От уборки меня оторвал вой сирены: к соседу, Bениамину Фадеевичу, приехала «Скорая». Я тихонько спросил внучку соседа: что случилось? У дедушки острое отравление, сказала внучка. Его тошнило, мы вызвали врача.

Вениамин Фадеевич стоял в очереди передо мной, он покупал кефир.

Я живу затворником третий день, хожу по дому с тесаком, жру макароны. Кроме макарон, еды нет. Когда верещит звонок, я не реагирую. Я прибавляю звук у телевизора.
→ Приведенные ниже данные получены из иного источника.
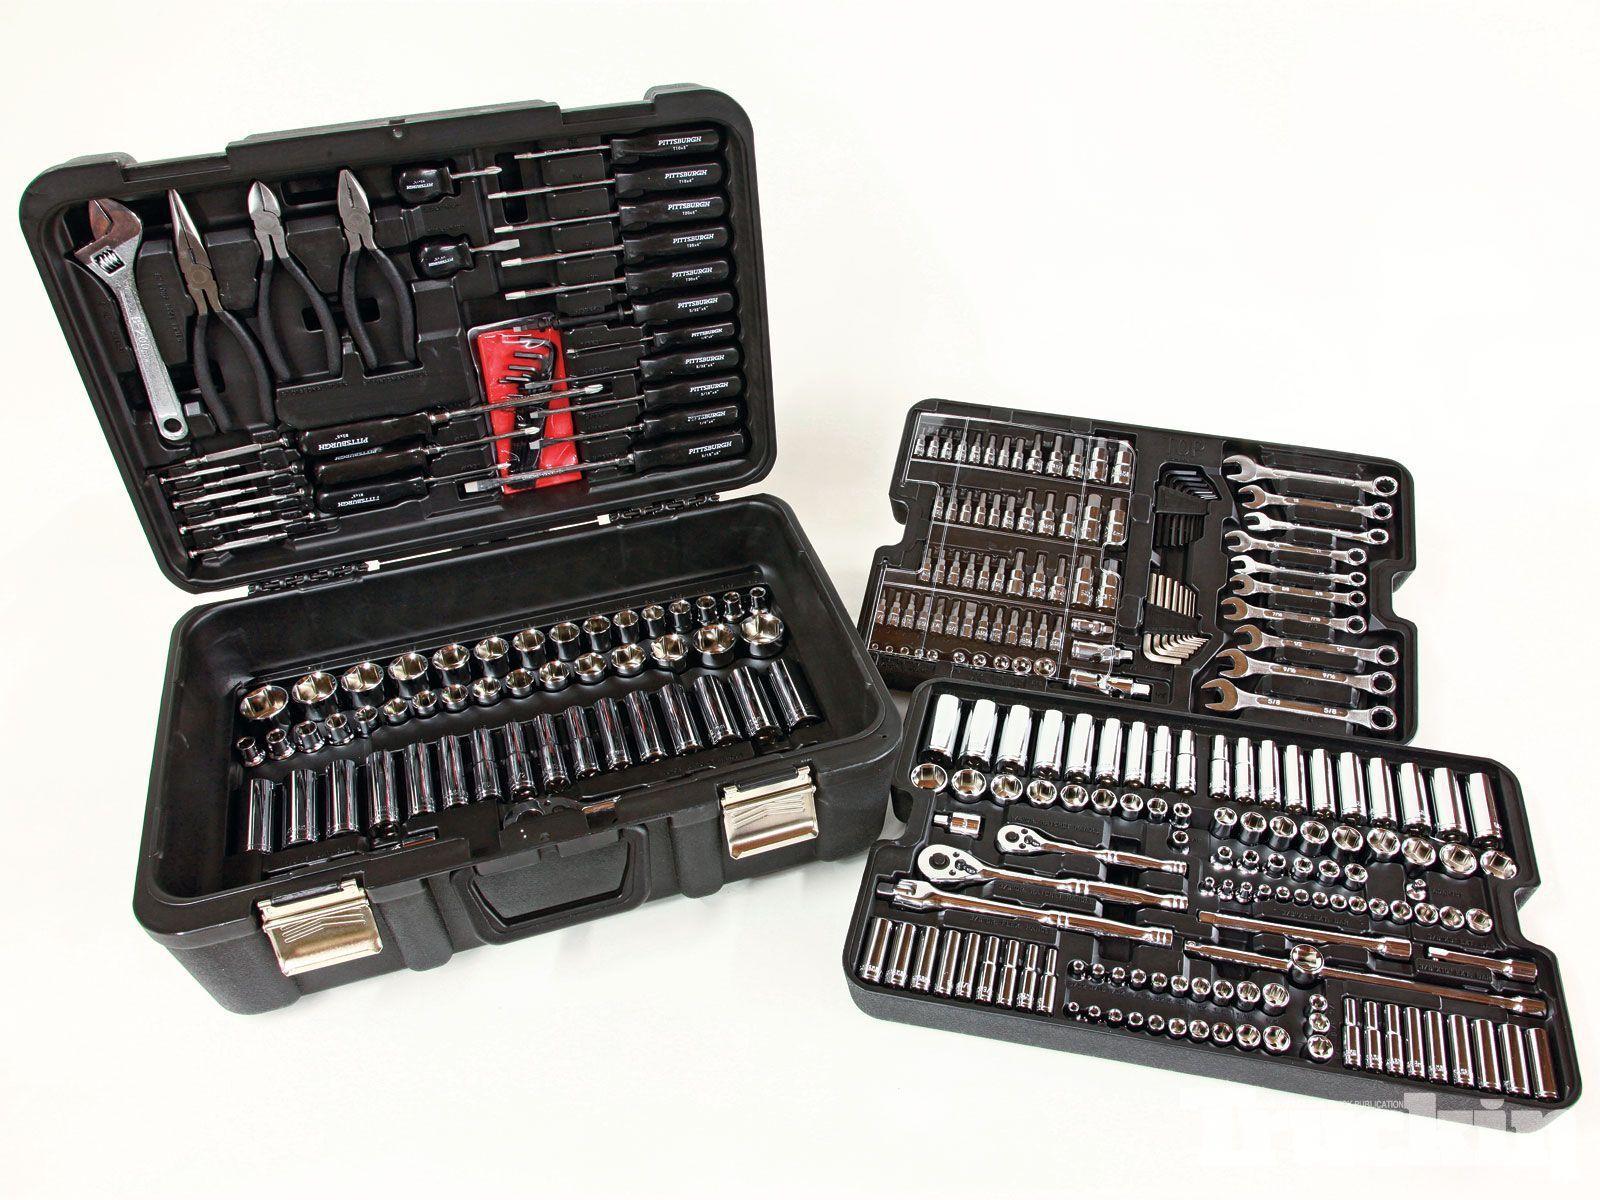 Brand New 301 Piece Mechanic's Tool Set Kit Shop Garage Repair

Идите в задницу, думаю я.

Раздается хруст, я вскакиваю: они сидят в креслах. Борец ломает спички. Он ломает их пучками, на полу целая гора сломанных спичек.

Я бледнею и замахиваюсь тесаком…

Бережешь себя? — смеется Худой. Неправильно бережешь. Дай. Отнимает тесак.

Я привыкаю к их визитам. Завтра я наберусь мужества и спрошу: что вам надо?

Главный в кошмарной парочке — Худой, говорит преимущественно он. Высокий бурчит, хмыкает и норовит прикинуться шлангом. Это не так. Они ничего мне не сделали. Пока.

Наступает завтра, я спрашиваю. Худой складывает брови домиком и не отвечает. Я, запинаясь, излагаю смутные догадки — если судьба решила покуражиться, то кто исполняет ее волю? Марает руки о смертных? Не сама ведь? Где слуги? Ну, или прислуга.

Реакция странная: Худой оскорбился, Борец, наоборот, ржет как лошадь.

Значит, сглатываю я, вы не имеете отношения к…

Нет, сказал Худой. Нет, пробурчал Борец. Перестань задавать идиотские вопросы! — рявкнули оба. Мы бережем тебя.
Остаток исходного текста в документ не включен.